Avec « La vallée des âmes » (« Tantas almas », 2019, 137 minutes), Nicolas Rincón Gille a réalisé son premier long métrage de fiction. On y retrouve le fleuve Magdalena.
En 2002, José rentre chez lui au coeur de la forêt après une longue nuit de pêche. Il découvre que les forces paramilitaires ont tué ses deux fils, Dionisio et Rafael, et ont jeté leurs corps dans la rivière. Le passage du documentaire à la fiction permet à la fois une distanciation dans le récit d’une répression atroce qui reste une des facettes de la Colombie d’aujourd’hui. Les personnages ne sont pas représentés par des acteurs professionnels. Ce sont des paysans et des pêcheurs qui reconstituent ce qui a été le quotidien de leur communauté une dizaine d’années auparavant. Le film a déjà reçu plusieurs prix. Le plus bel hommage nous paraît cependant la ferveur avec laquelle la population de la région a pu la voir lors d’une projection organisée en décembre 2021.

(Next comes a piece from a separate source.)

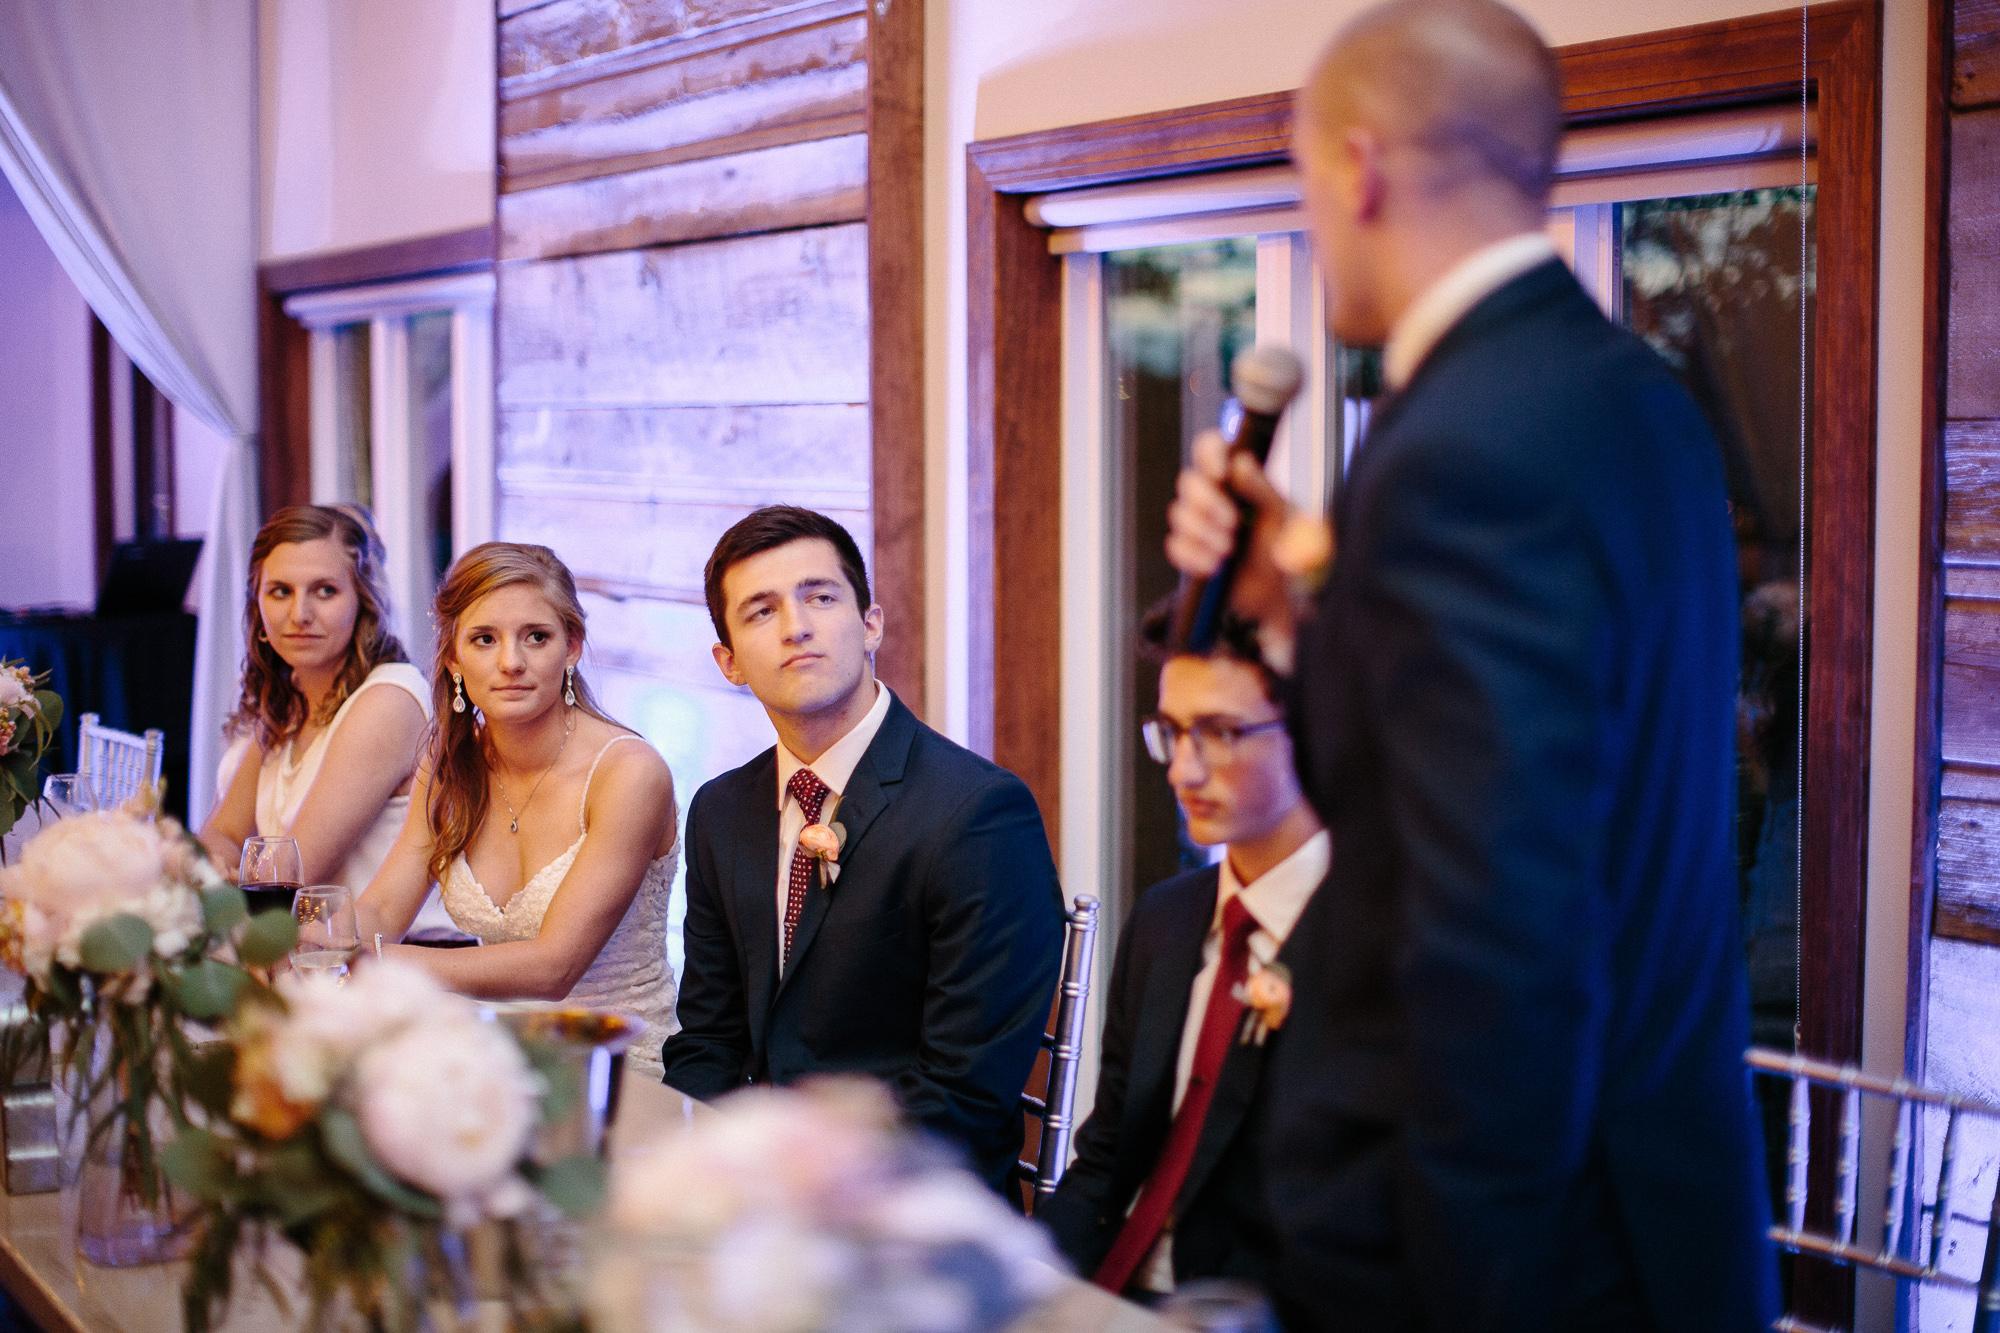 wedding-elopement-adventerous-romantic-timeless-south-dakota-blue-haven-barn-106.jpg

Le noyau thématique et narratif de La vallée des âmes, tout comme les travaux documentaires précédents de Nicolás Rincón Gille, est la tradition orale comme élément de création face à la violence. C’est la parole populaire, et non savante, enrichie par l’héritage des générations qui l’ont écoutée et répétée pour donner sens à ce qui s’est passé et à ce qui se passe, qui fait le lien. Cette parole arrive à construire un monde riche, magique et, très souvent, surprenant. Un monde et des réalités qui résistent à la violence.